The present drawing is closest to Skirving’s masterful portrait of British Tourists in Rome also dated 1792; a work which has long been regarded as a powerful demonstration of Skirving’s abilities as a draughtsman. Similar in style to the present drawing, the ambitious sheet shows a husband and wife in profile with a frontal portrait of their son.[3] The precise technique – particularly the strong lateral hatching – the isolated portraits, the sitters are detached from their surroundings, has invited comparison with the later portrait drawings by Jean-Auguste-Dominique Ingres of visitors to Rome.[4] In 1792 Skirving met Sir William Forbes of Pitsligo the banker and author. Forbes was travelling with his wife, Elizabeth and a daughter, also called Elizabeth.[5] Forbes described Skirving as ‘a very ingenious artist’ and his journal records that Skirving furnished him with letters of introduction to artists working in Naples, including the German portrait painter Johann Henirich Wilhelm Tischbein and the Italian landscape painter Giovanni Battista Lusieri. From Forbes’s surviving journal we know that they were spending time together in April 1793. On 30th April, he noted: ‘Skirving, another old acquaintance from Edinburgh, paints small portraits with considerable merit but he takes so much time and bestows so much labour in finishing his pieces that he can never do much – indeed can scarcely live by his art.’[6] On this basis Stephen Lloyd has speculated that the present drawing might be a portrait of Forbes. The surviving portraits of Forbes by Henry Raeburn and Thomas Lawrence show him to have been a handsome man with a long straight nose and similarly dolichocephalic, with a high forehead and hairline. As in the present drawing, he is invariably shown wearing his own hair, powdered. The present drawing remained in Skirving’s possession and descended collaterally in his family. It was reproduced in Stephen Lloyd’s 1999 Scottish National Portrait Gallery catalogue as ‘location unknown.’

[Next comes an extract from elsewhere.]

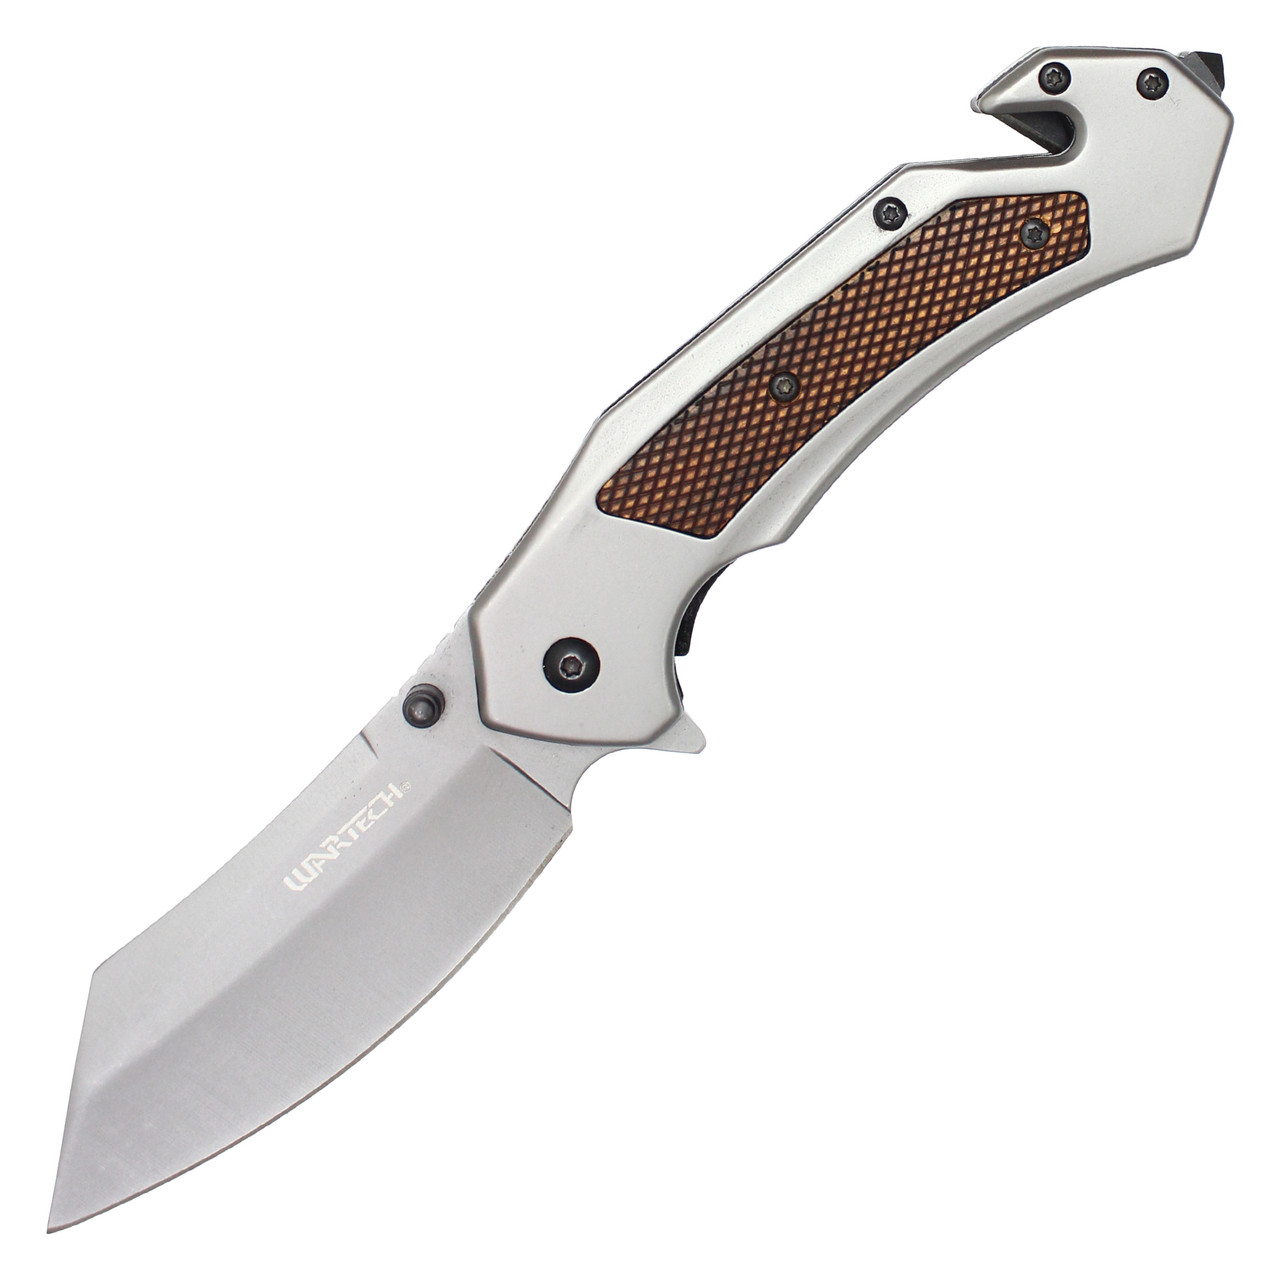 5" Closed Assisted Open Pocket Knife Stainless Steel Handle - Silver
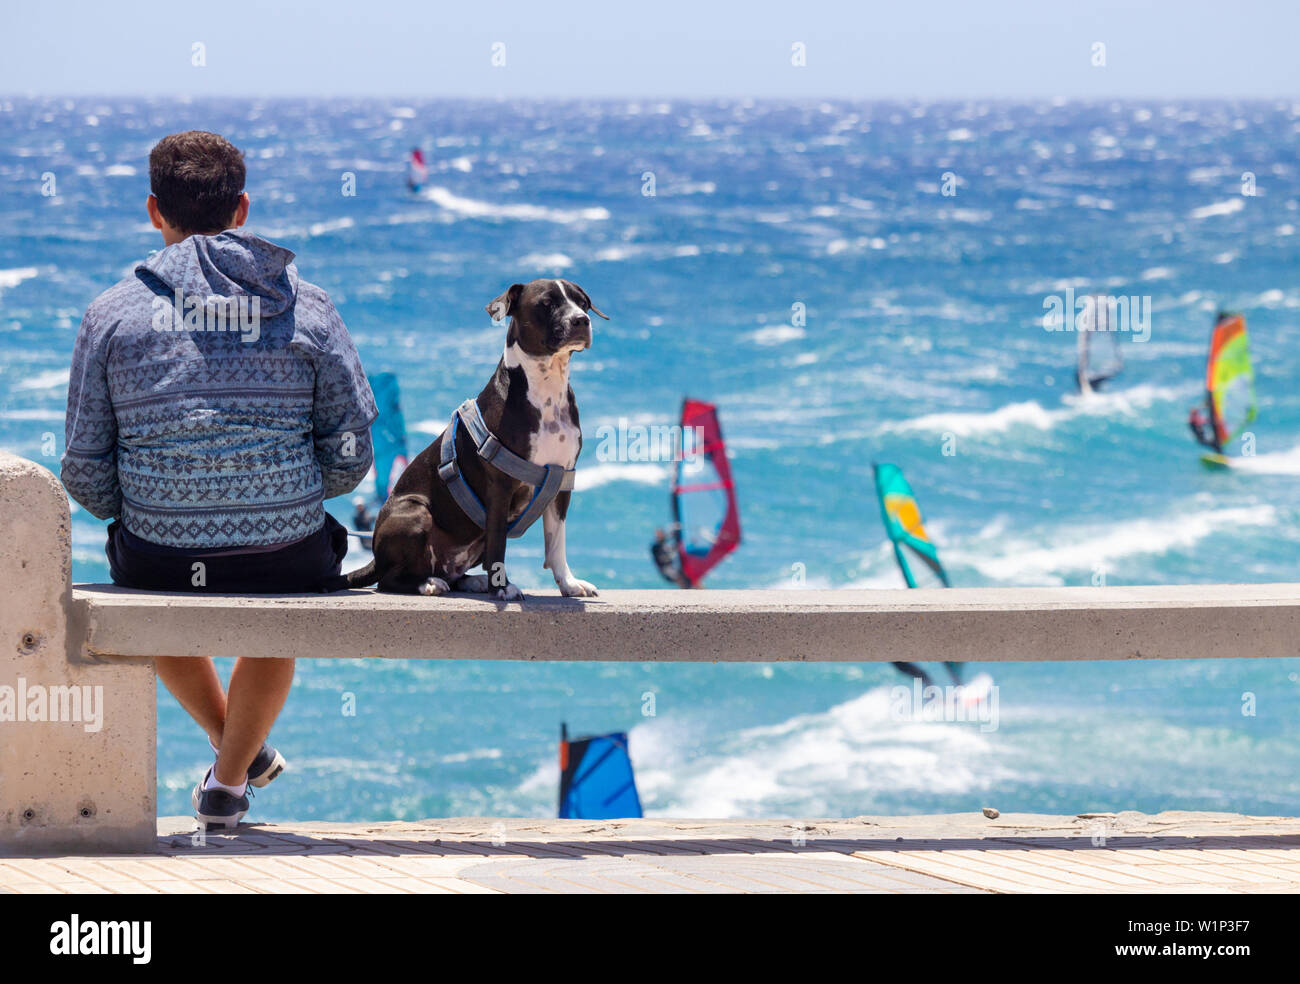 Pozo Izquierdo, Gran Canaria, Canary Islands, Spain. 3rd July 2019. Windsurfing in 50 knots of wind. One man and his dog watch the the world`s best wave sailors as they start arriving in Pozo Izquierdo on Gran Canaria ahead of the first leg of the PWA (Professional Windsurfers Association) 2019 world wave sailing championship tour which starts on 12th July. Pozo is famed, and feared by many, for its howling 50 knot summer winds. Credit:Alan Dawson/Alamy Live News. Stock Photo

This engaging sketch is a welcome addition to Skirving’s small Roman oeuvre. The masterly drawing, executed with economic precision and a technical confidence which Skirving refined for his grander portraits, demonstrating his skill and importance as a major European neo-classical draughtsman.

Archibald Skirving
Self-Portrait
1790
Chalk on paper
28 ⅛ x 21 ⅝ inches; 714 x 549 mm
National Galleries of Scotland

References

  1. For Skirving see: Stephen Lloyd, Raeburn’s Rival: Archibald Skirving 1749-1819, exh. cat., Edinburgh (Scottish National Portrait Gallery), 1999. 
  2. Stephen Lloyd, Raeburn’s Rival: Archibald Skirving 1749-1819, exh. cat., Edinburgh (Scottish National Portrait Gallery), 1999, p.21
  3. Eds. Andrew Wilton and Ilaria Bignamini, Grand Tour: The Lure of Italy in the Eighteenth Century, exh. cat., London (Tate Gallery), 1996, cat. no. 55, p.103. 
  4. See Stephen Lloyd, Raeburn’s Rival: Archibald Skirving 1749-1819, exh. cat., Edinburgh (Scottish National Portrait Gallery), 1999, pp.18-22.
  5. For Forbes see ed. John Ingamells, A Dictionary of British and Irish Travellers in Italy 1701-1800, New Haven and London, 1997, pp.364-5.
  6. Edinburgh, National Library of Scotland, Forbes Journal Ms.29; quoted in Basil Skinner, ‘Archibald Skirving and his Work’, Transactions of the East Lothian Antiquarian Field Naturalists Society, vol.XII, 1970, p.49.